PROMPT
All of the listing, from first line to last, should be output exactly; the pictures stay out.

EXERCISE DATA
------------------------------------------------------------------------
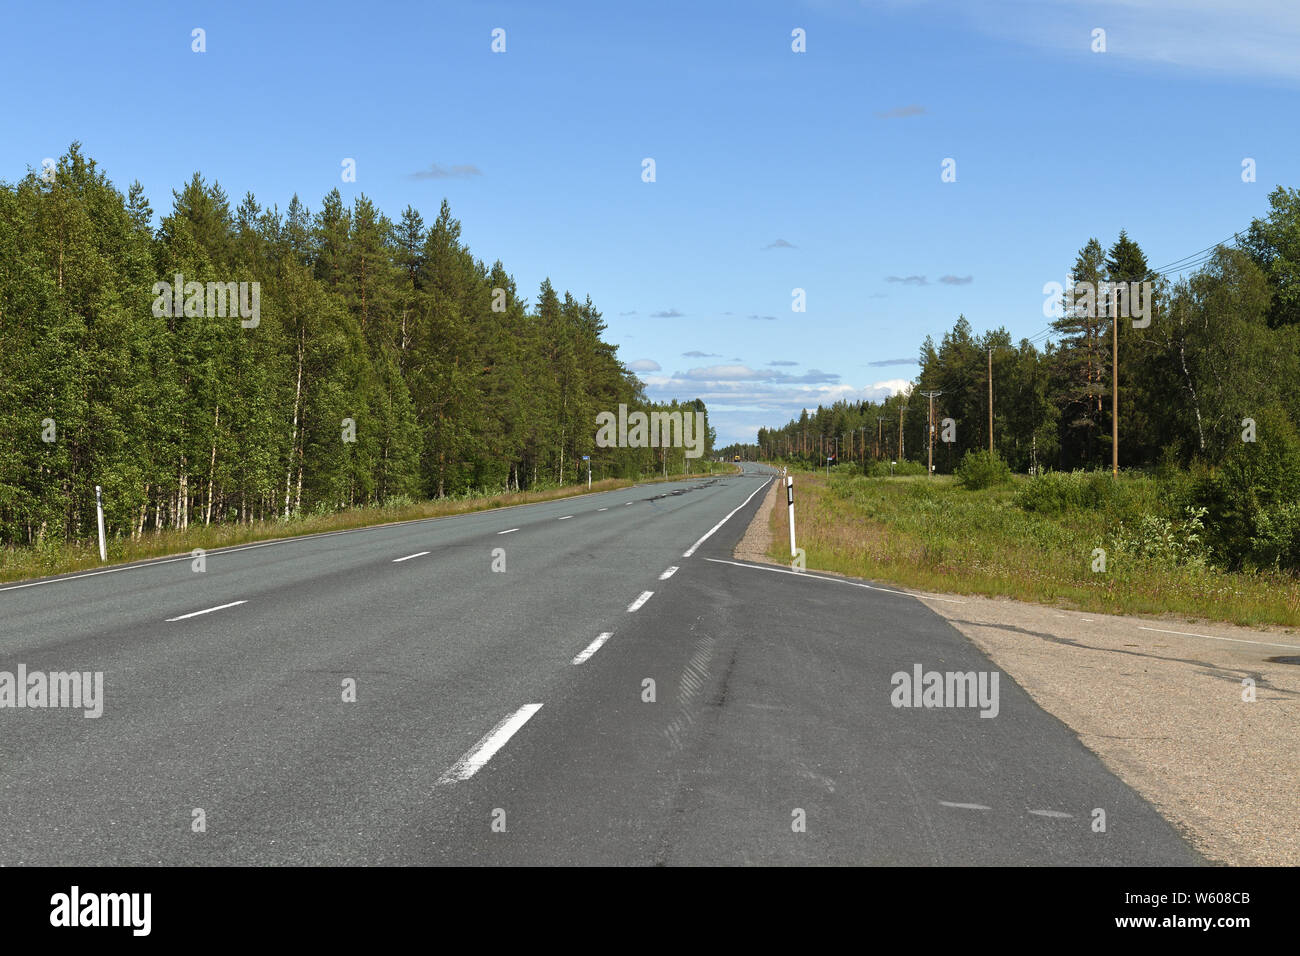 Northern Highway in Finnish Lapland. Bright sunny day Stock Photo
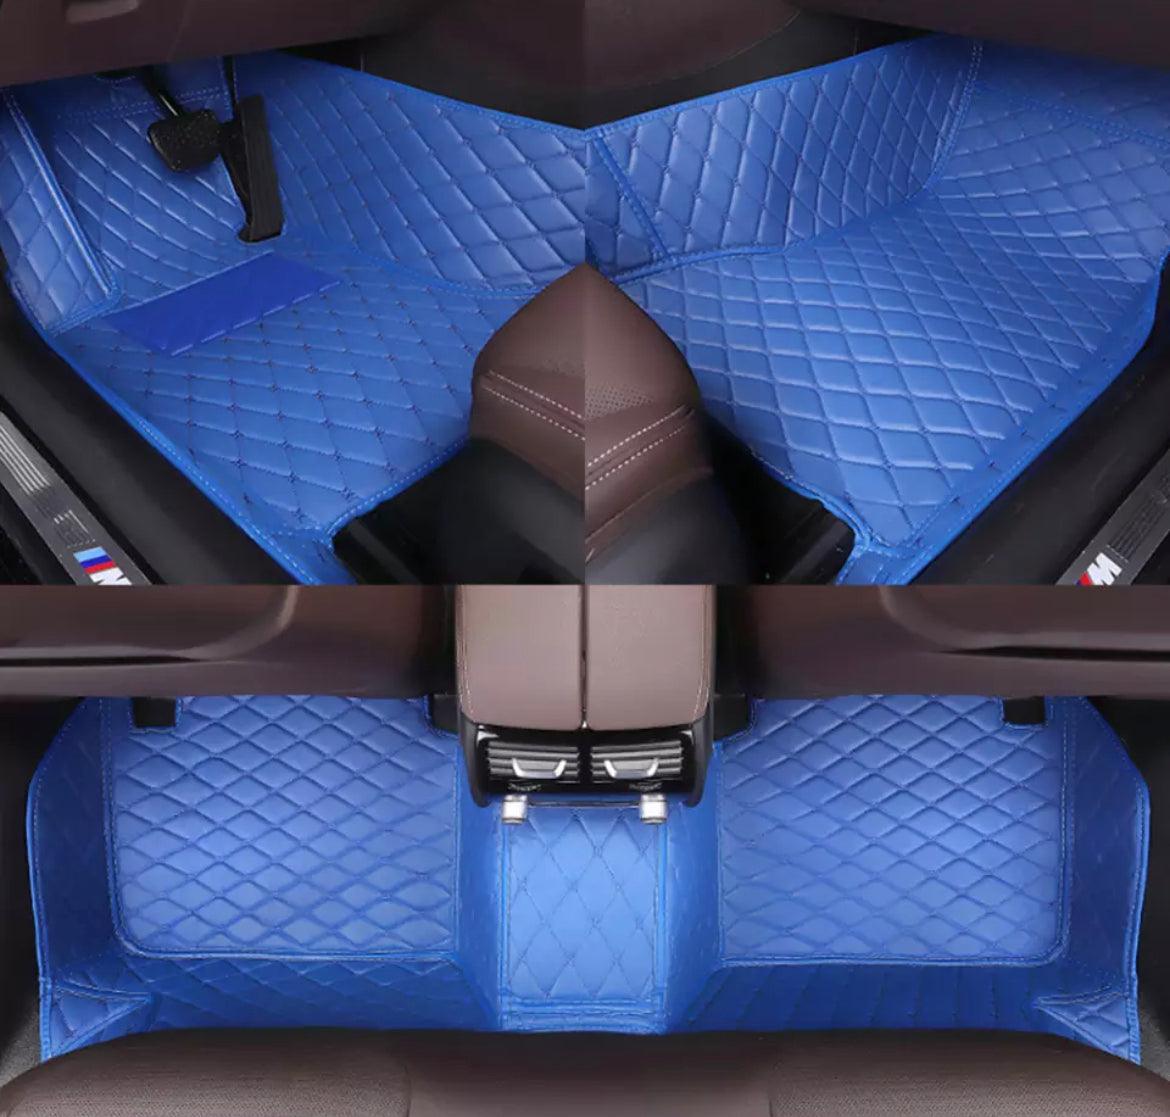 Custom Car Mats - Upgrade Your Car's Interior with Personalized
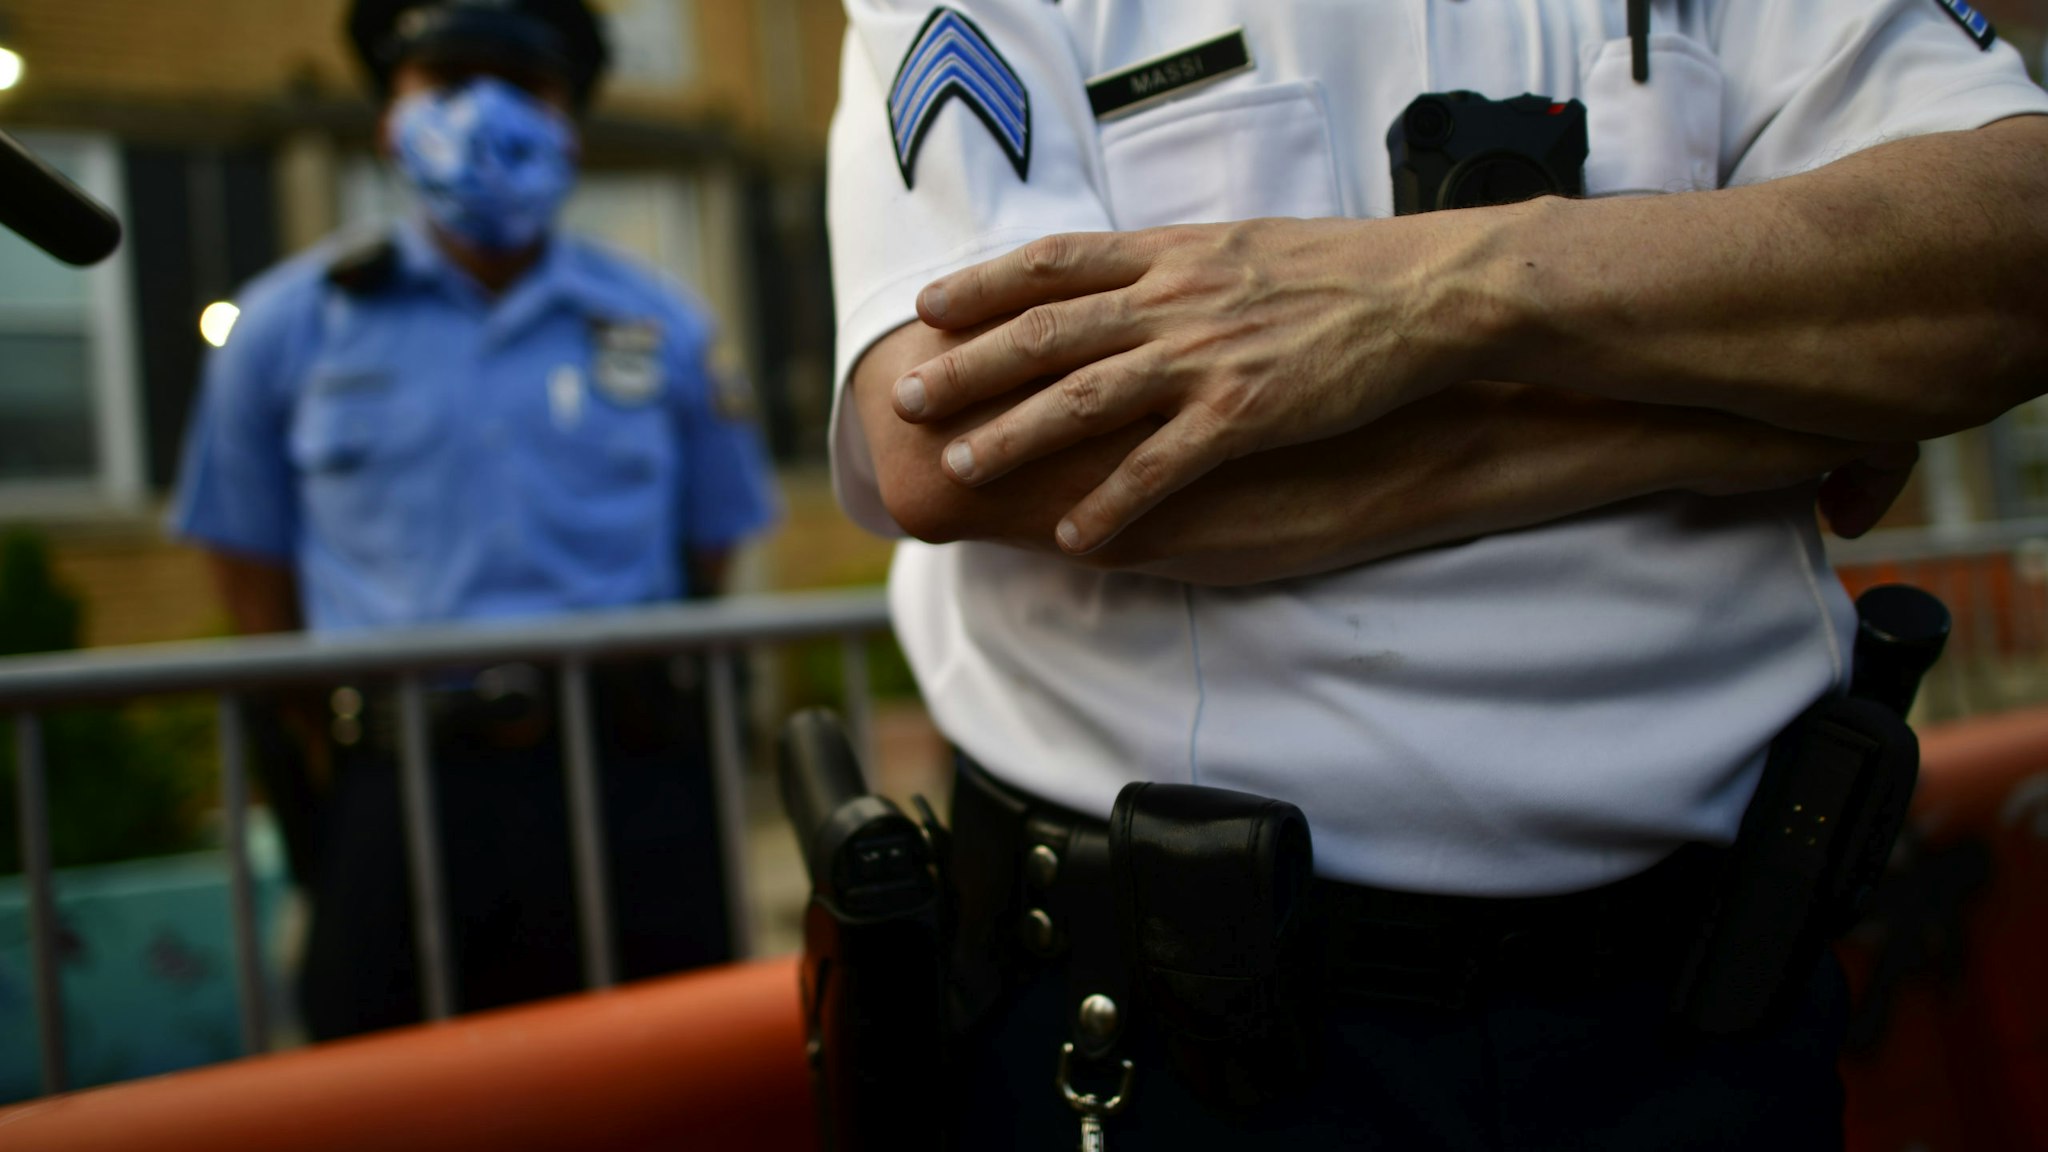 PHILADELPHIA, PA - JUNE 03: A police officer crosses his arms while observing activists gathering in protest outside the 26th Precinct on June 3, 2020 in Philadelphia, Pennsylvania. Protests continue to erupt in cities throughout the country over George Floyd, the black man who died while in police custody in Minneapolis on May 25. (Photo by Mark Makela/Getty Images)
------------------------------------------------------------------------
ANSWER SECTION
 Northern Highway in Finnish Lapland. Bright sunny day Stock Photo
 Custom Car Mats - Upgrade Your Car's Interior with Personalized
 PHILADELPHIA, PA - JUNE 03: A police officer crosses his arms while observing activists gathering in protest outside the 26th Precinct on June 3, 2020 in Philadelphia, Pennsylvania. Protests continue to erupt in cities throughout the country over George Floyd, the black man who died while in police custody in Minneapolis on May 25. (Photo by Mark Makela/Getty Images)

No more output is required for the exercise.